Over the years, I'd done a lot of speaking—but never as a political challenger. I'd spoken to small groups, mostly concerning the obnoxious Profile of Learning. But in those instances I'd had plenty of time to prepare, to put myself together. Indeed, going back to my days of arguing tax cases, I'd known I always wanted to be the best-prepared person in the courtroom. But today, when I really needed some preparation, I didn't have it. In my old jeans and torn sweatshirt, I looked as if I were dressed for a garage sale. The April Fools' Day joke was on me.

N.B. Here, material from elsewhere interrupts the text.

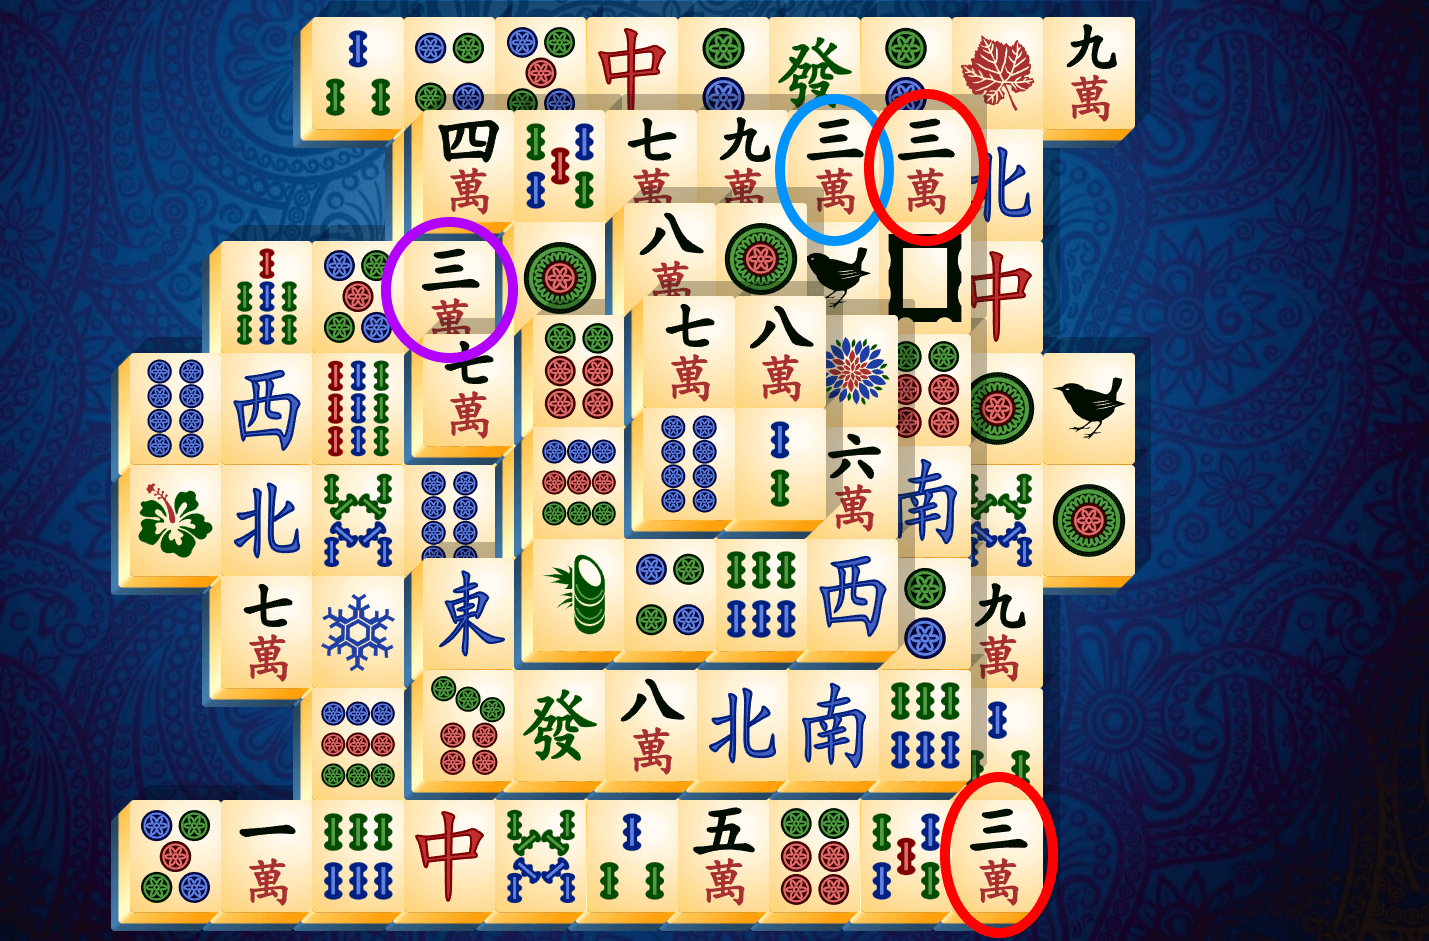 Samouczek Mahjonga jednoosobowego, krok 8

Yet I knew what I wanted to say. I was nothing more than a concerned parent—one of many in the room—but I was fully aware of what was right and what was wrong. I wanted to speak from my heart, and yet my head was also ready.

So a calm and a confidence passing all understanding came over me. I thought of my sweet husband, Marcus, our five biological children, and the twenty-three foster children to whom we had also opened our home and our hearts. I was proud of the values we had been able to instill in them. It hadn't always been easy. And the liberal meddlers in the state education bureaucracy hadn't made it any easier. So we were fighting for our kids and our values, and we needed one fighter out front. That was my job. I had accepted the mission, and now I had to fulfill it. It was as simple as that.

I was just doing my duty as a citizen, speaking out. It was like that wonderful Norman Rockwell painting from the forties,
Freedom of Speech
, in which an earnest man speaks out at the town meeting, politely but firmly.

Finally, I thought of Philippians 4:13, “I can do all things through Christ which strengthens me,” and I said a prayer. Now I was ready.

I got up to the stage and delivered a speech that came straight from the heart. It was about freedom, and what freedom means in the hearts of Minnesotans and of all Americans. I declared that freedom is connected to the issues we should care about: life, taxes, education. That is, the issues on which the state senator had once stood with us but now stood against us.

And when I saw the faces of all those folks listening to me, following with warm attention, I felt confident enough to speak truthfully and forcefully. I was among people who shared the same vision, and they gave me strength and confidence. My neighbors and fellow Republicans were happy to hear someone speak clear words, words that expressed their own faith and beliefs. I had entered the room as just a name to most of those folks, but after a few minutes we had all become friends. They could look into my heart as I spoke, and even as I was speaking, I could look into their hearts. That's a sacred feeling. So it was their support—and maybe their quiet prayers—that helped to sustain me in my partisan-politics debut.